Ahora bien, ya en la propia Sentencia referida se indica que la declaración de la víctima ha de estar rodeada de corroboraciones periféricas de carácter objetivo obrantes en el proceso, añadiendo que ello significa que el propio hecho de la existencia del delito ha de estar apoyado en algún dato añadido a la pura manifestación subjetiva de la víctima, debiendo ponderarse adecuadamente esta exigencia en delitos que no dejan huellas o vestigios materiales de su perpetración, de tal manera que el hecho de que el dato corroborante no pueda ser contrastado no desvirtúa el testimonio si la imposibilidad de comprobación se justifica en virtud de las circunstancias concurrentes. Y en la misma Sentencia se señala que los datos objetivos de corroboración pueden ser muy diversos, pudiendo citarse, entre otros, la existencia de lesiones en delitos que ordinariamente las producen, las manifestaciones de otras personas sobre hechos o datos que sin ser propiamente el hecho delictivo atañen a algún aspecto fáctico cuya comprobación contribuya a la verosimilitud del testimonio de la víctima, así como las periciales sobre extremos o aspectos de igual valor corroborante.
SEGUNDO.- Las pruebas propuestas y practicadas en el acto del juicio consistieron en el interrogatorio del acusado, la testifical de referencia de Zulima , madre de la menor, la exploración de la menor Almudena de 5 años de edad al momento de los hechos que refiere la denuncia y de 9 años al momento del juicio oral, y por último periciales psicológicas. Partiendo de lo expuesto en el precedente ordinal, debemos entrar ahora en la concreta valoración de la prueba que se practicó en el plenario, debiéndose comenzar por dejar constancia de que la madre de la menor que supuestamente habría sido víctima de los hechos ha venido manteniendo tras el primer intento de señalamiento de juicio ciertas reticencias, cuando no una abierta oposición, a que su hija compareciese ante este Tribunal a relatar lo sucedido y a continuar con el procedimiento. Así, puede apreciarse esa oposición de la madre de la menor en la Providencia de 21 de octubre de 2016, obrante al folio 63 del rollo de Sala, en la que puede verse que se acuerda requerir a la denunciante para que mantenga comunicación con la psicóloga adscrita al Tribunal y ello ante su incomparecencia a juicio a pesar de estar personalmente citada.

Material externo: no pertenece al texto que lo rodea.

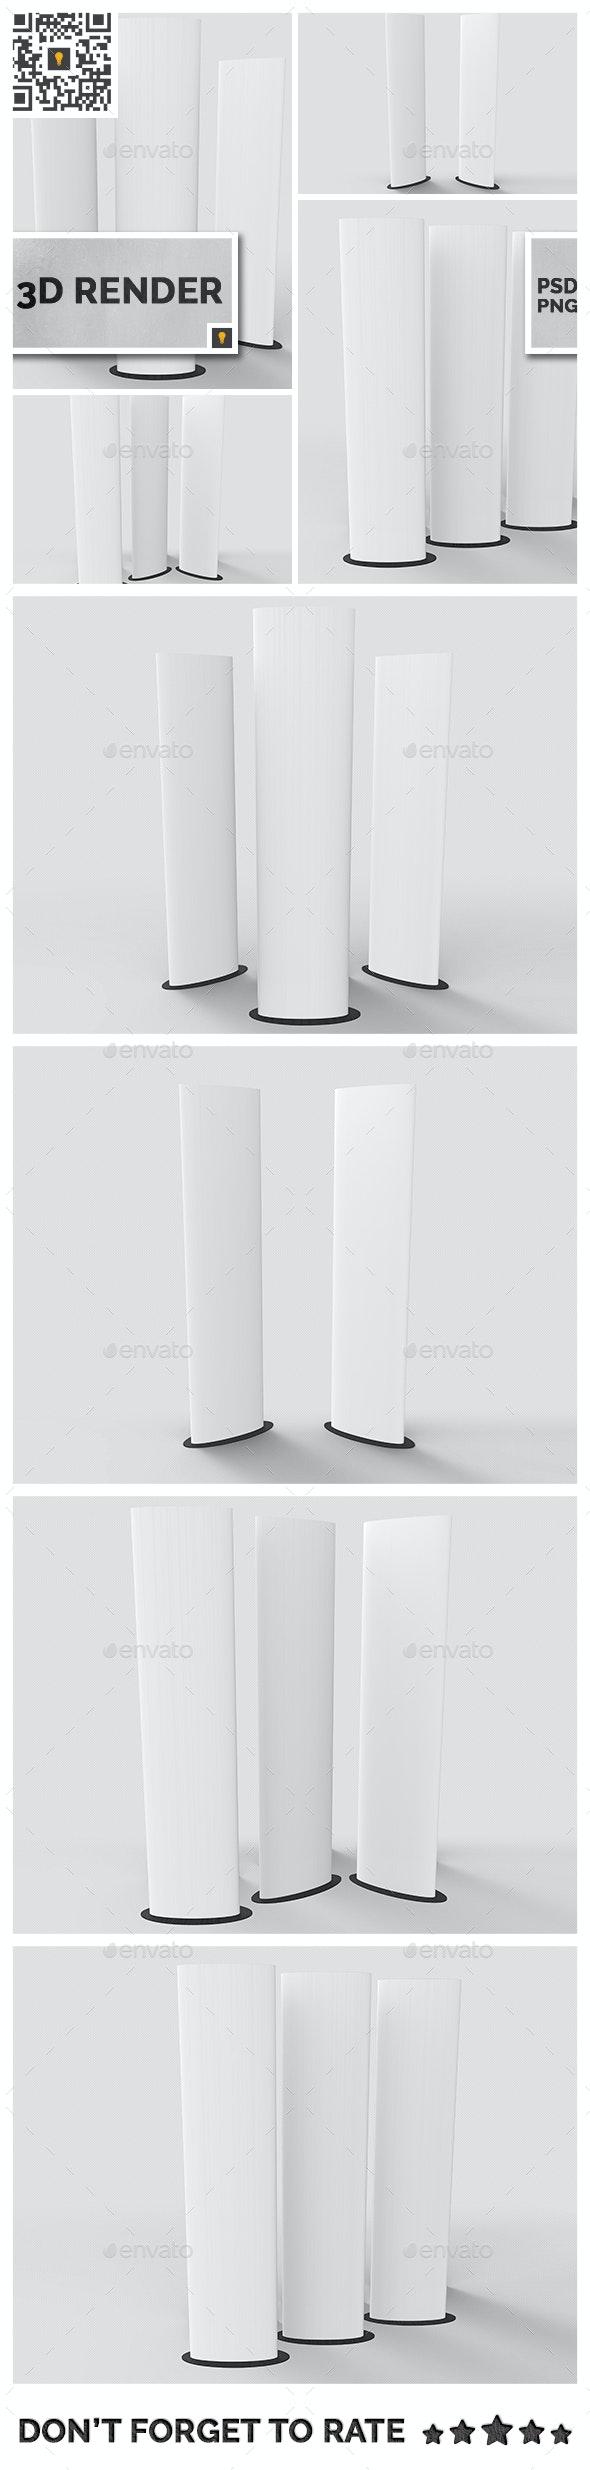 Elliptical Totem Display 3D Render - Objects 3D Renders

El mismo día señalado para el juicio previsto para el 18 de octubre de 2016 fue incorporado a actuaciones informe del Proyecto DIRECCION001 donde se pone de manifiesto que la menor se había retractado de lo contado acerca de los presuntos tocamientos manifestando que todo se lo había inventado porque no le gustaba Domingo y no quería que su madre estuviera con él. Lo anterior obligó a suspender el juicio acordando requerir a la madre Zulima , para que tuviera una entrevista con la psicóloga forense para aclarar tales extremos siendo citada y advertida de su obligación para comparecer a nuevo juicio. Al acto del nuevo juicio señalado para los días 5 y 10 de octubre de 2017 comparecieron finalmente Zulima y su hija.
Entrando en el análisis de dichas pruebas, tenemos en primer lugar la declaración exculpatoria del acusado quien niega los hechos y relata que conoció a Zulima , madre de la menor, una noche y a partir de ahí se veían de vez en cuando insistiendo eso sí de manera reiterada que él no quería estar con ella pero que ésta lo llamaba y quedaban. Continúa el relato manifestando que se quedaba a dormir alguna noche en casa de Zulima , pero él prefería quedarse cuando no estaban los niños, que también se duchaba en esa casa y que en el baño entraban todos, aunque estuviera en ese momento él en la ducha, incluso la menor, cosa que a él no le gustaba. Con respecto a los hechos que se le imputan manifiesta que tenía una relación normal, cordial con la niña, que esta era un poco arisca con él y que siempre quería estar con su madre. Que no recuerda haber puesto a la menor sentada sobre sus piernas, que cuando las cosas se hacen dentro de la normalidad no se retienen en la memoria. Que la niña se sentaba en el sofá y también en su sillita, que nunca ha jugado con la menor de manera que pudiera inducirle a confusión con respecto a los tocamientos, que para hacer éstos hace falta tiempo, que la cocina está pegada al salón.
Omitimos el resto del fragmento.